- Collected data entries:
┌────────
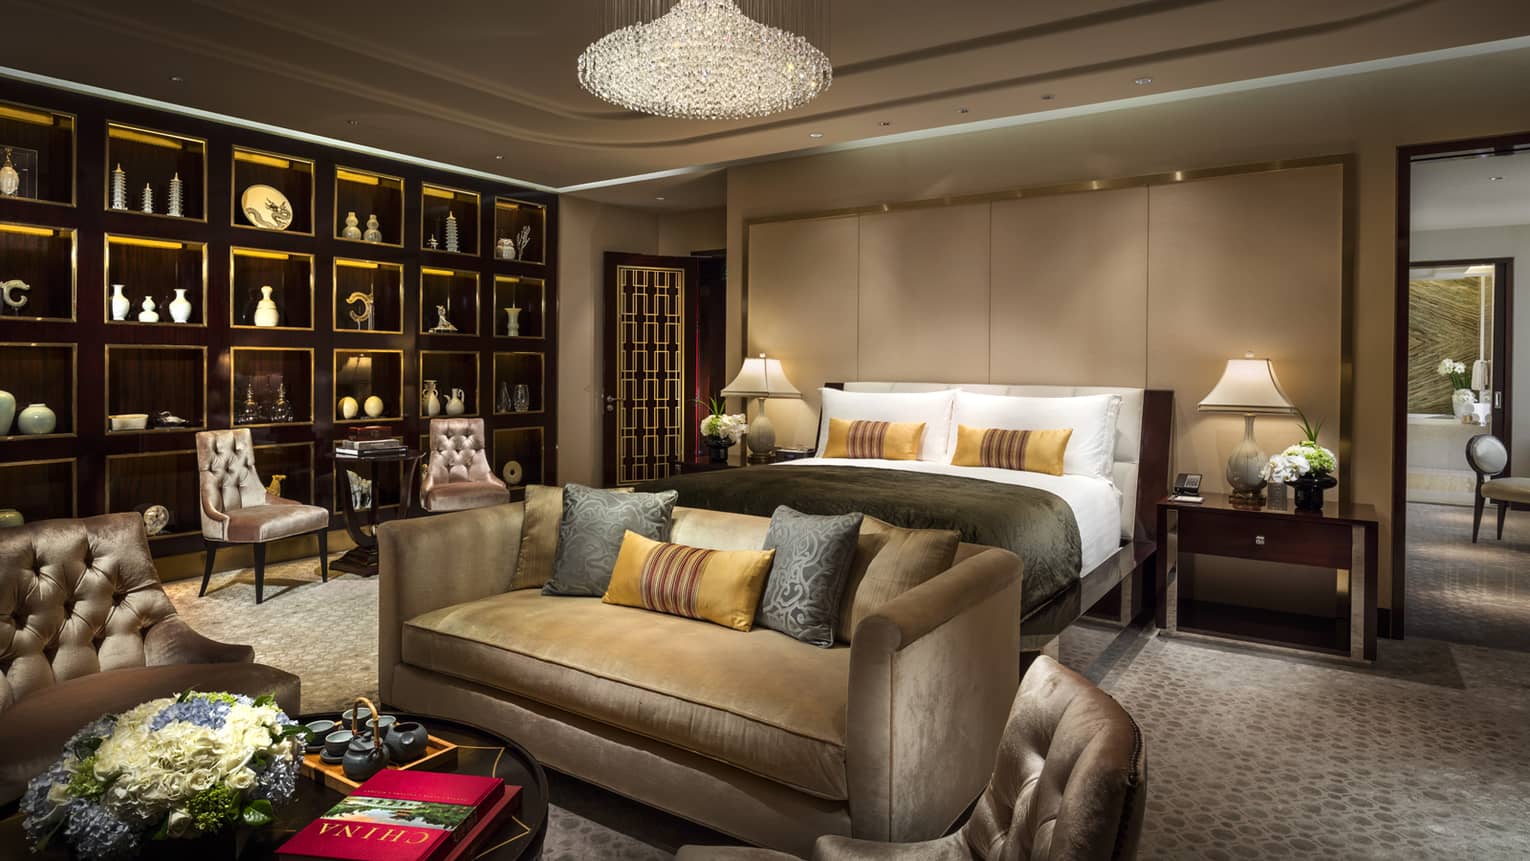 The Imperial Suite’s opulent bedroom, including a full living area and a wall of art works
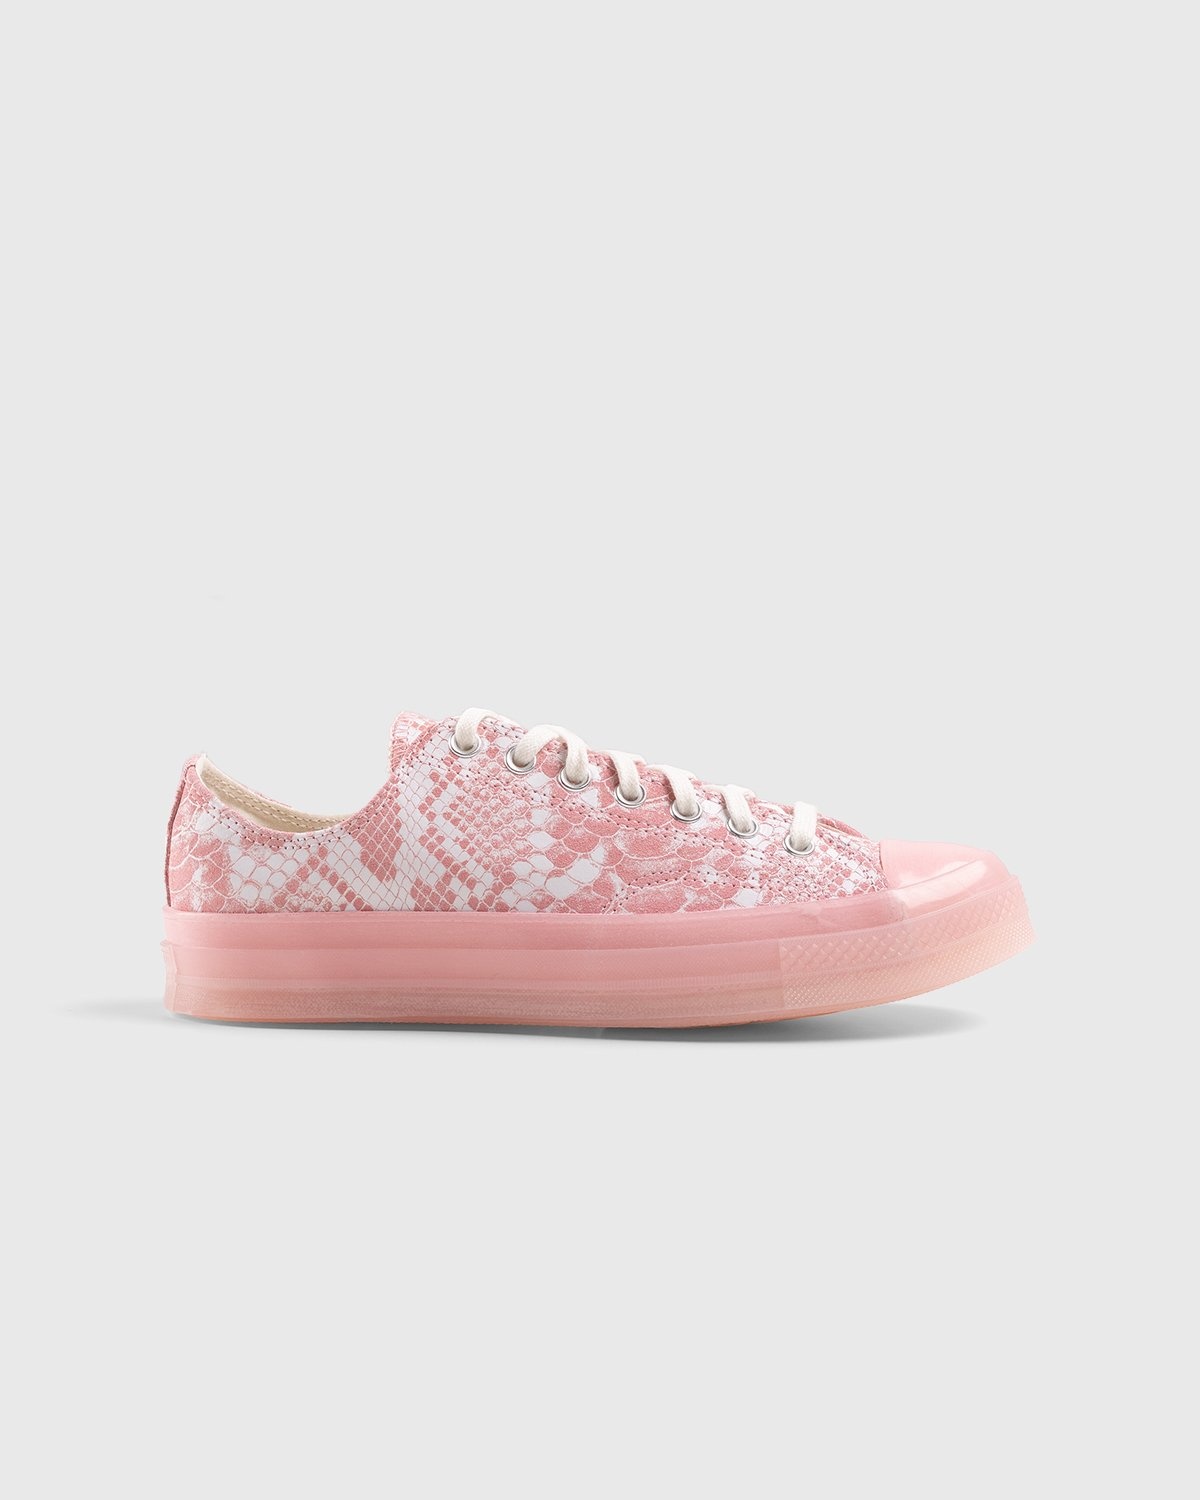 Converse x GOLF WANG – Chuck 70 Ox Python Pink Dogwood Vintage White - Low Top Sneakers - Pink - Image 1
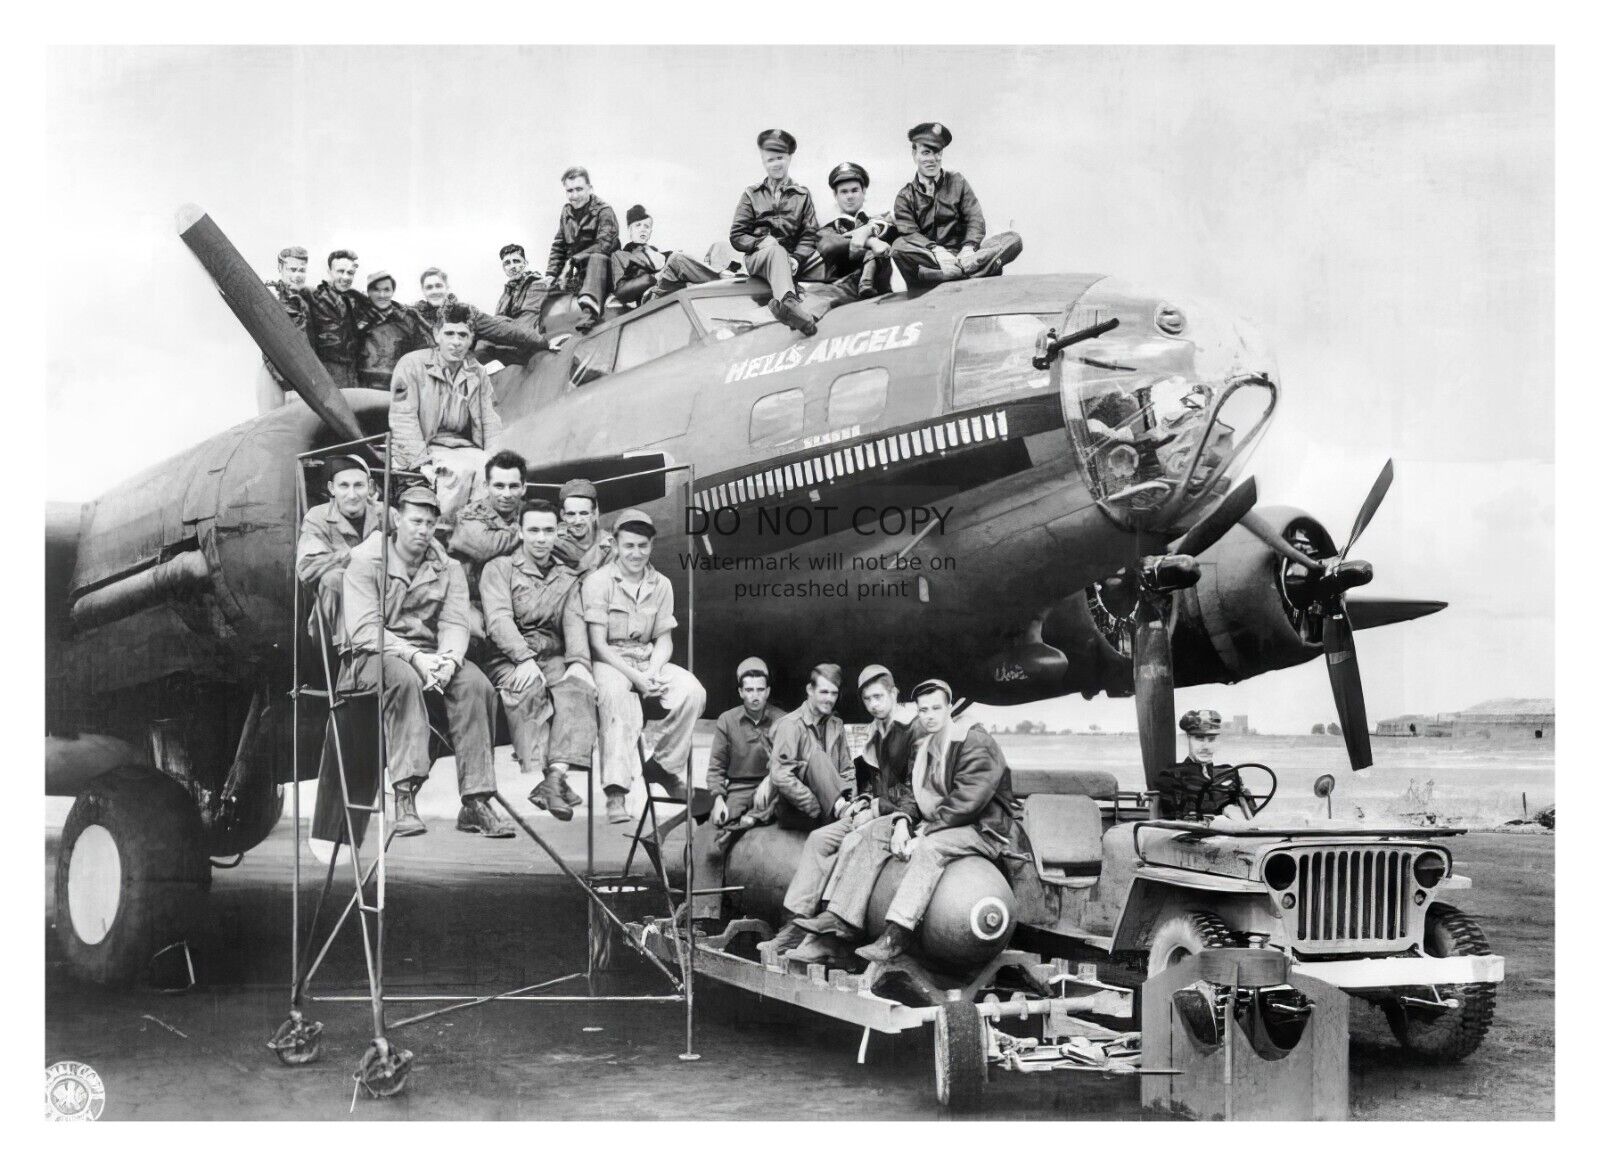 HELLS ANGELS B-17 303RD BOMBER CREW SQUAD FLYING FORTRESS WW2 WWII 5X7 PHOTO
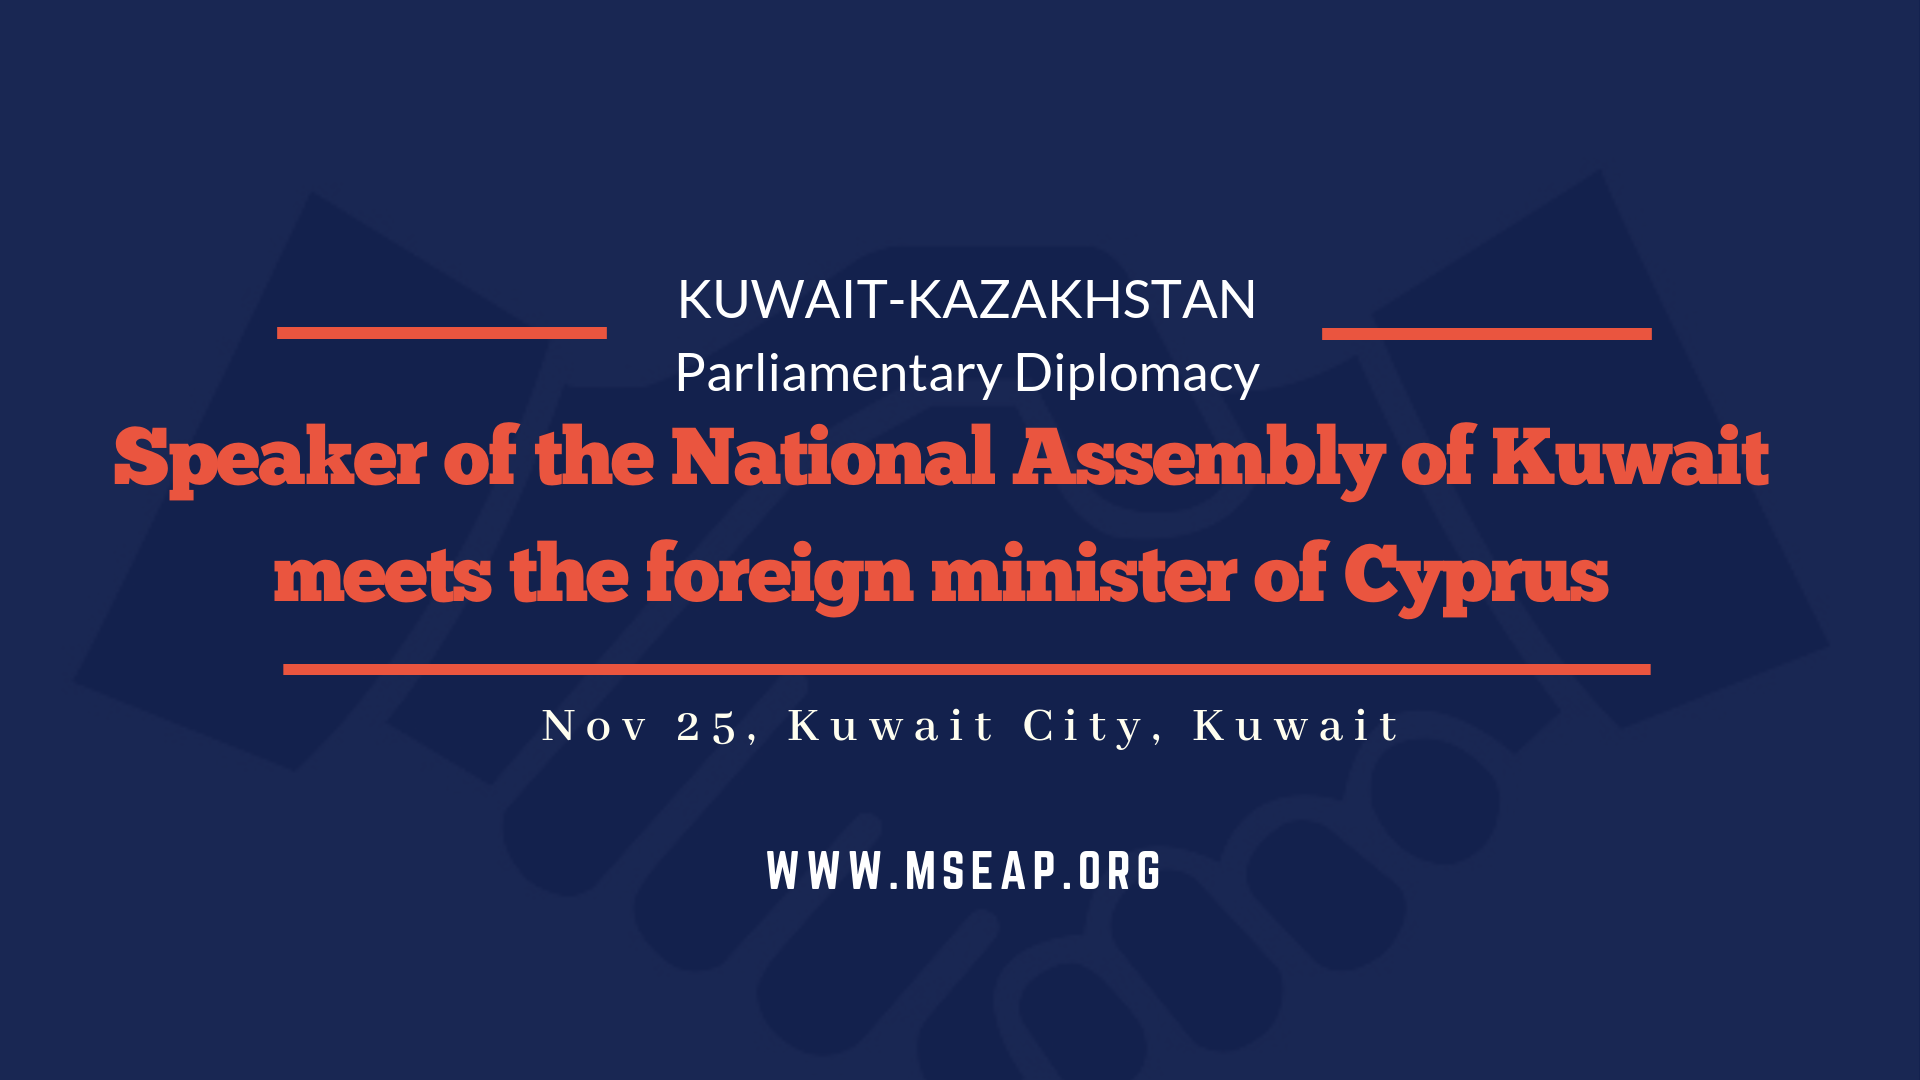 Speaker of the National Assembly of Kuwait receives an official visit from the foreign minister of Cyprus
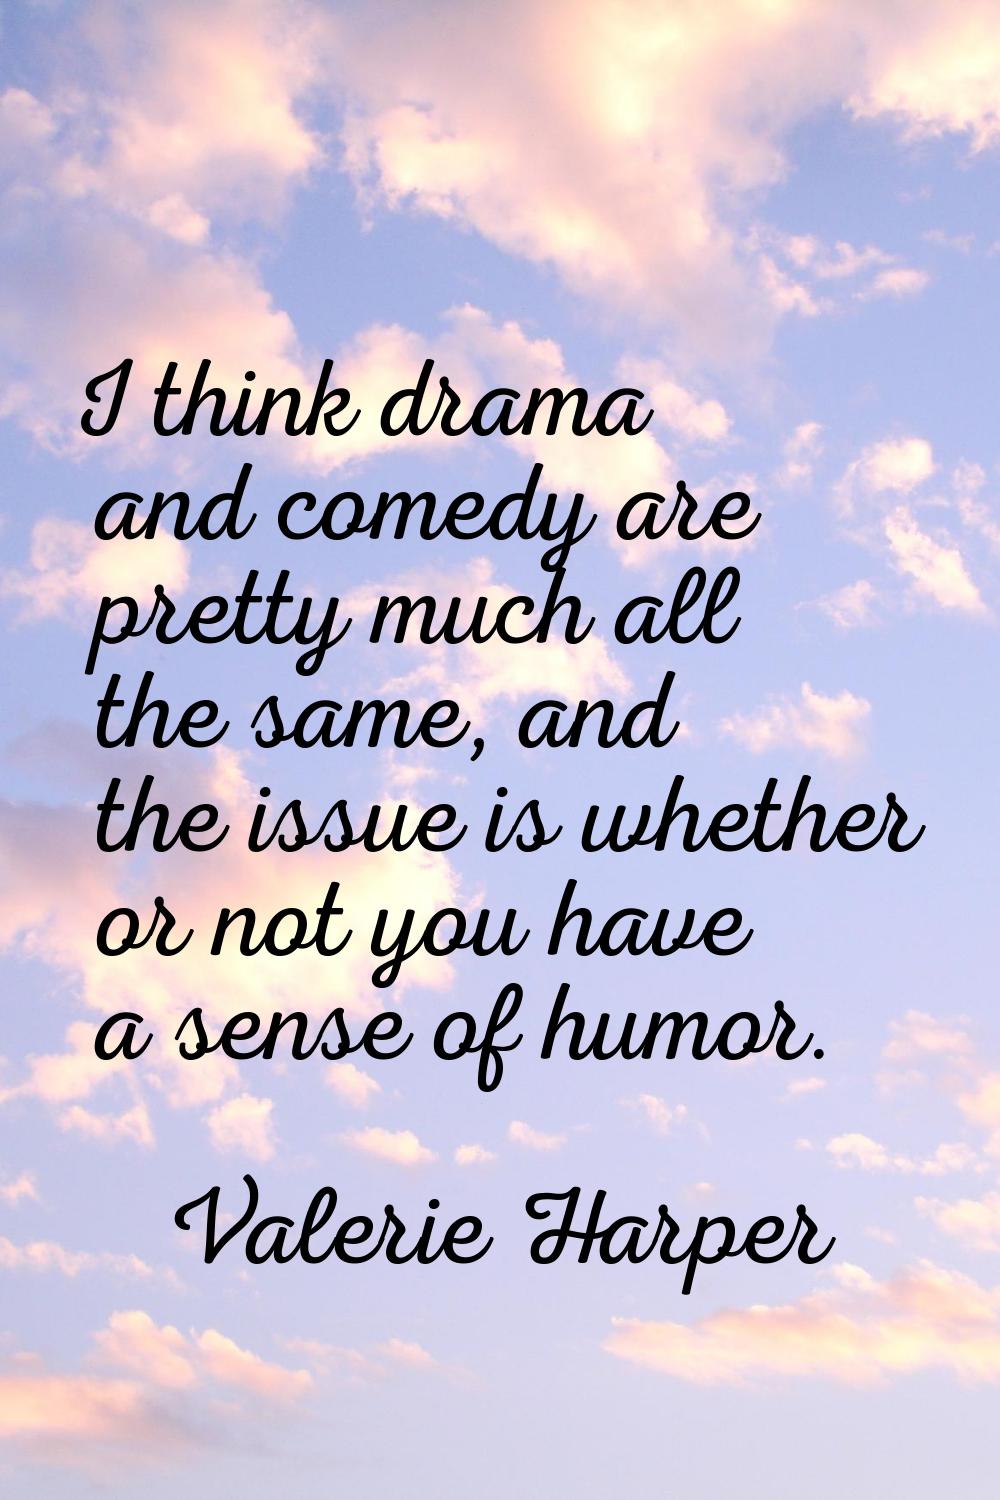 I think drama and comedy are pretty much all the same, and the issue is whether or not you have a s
└────────
- PROBLEM DESCRIPTION: Set down, exactly as written, each line from the one that contains "Speaker of the" to the last line of the records, but none of the pictures.

- FINAL ANSWER:
 Speaker of the National Assembly of Kuwait receives an official visit from the foreign minister of Cyprus
 I think drama and comedy are pretty much all the same, and the issue is whether or not you have a s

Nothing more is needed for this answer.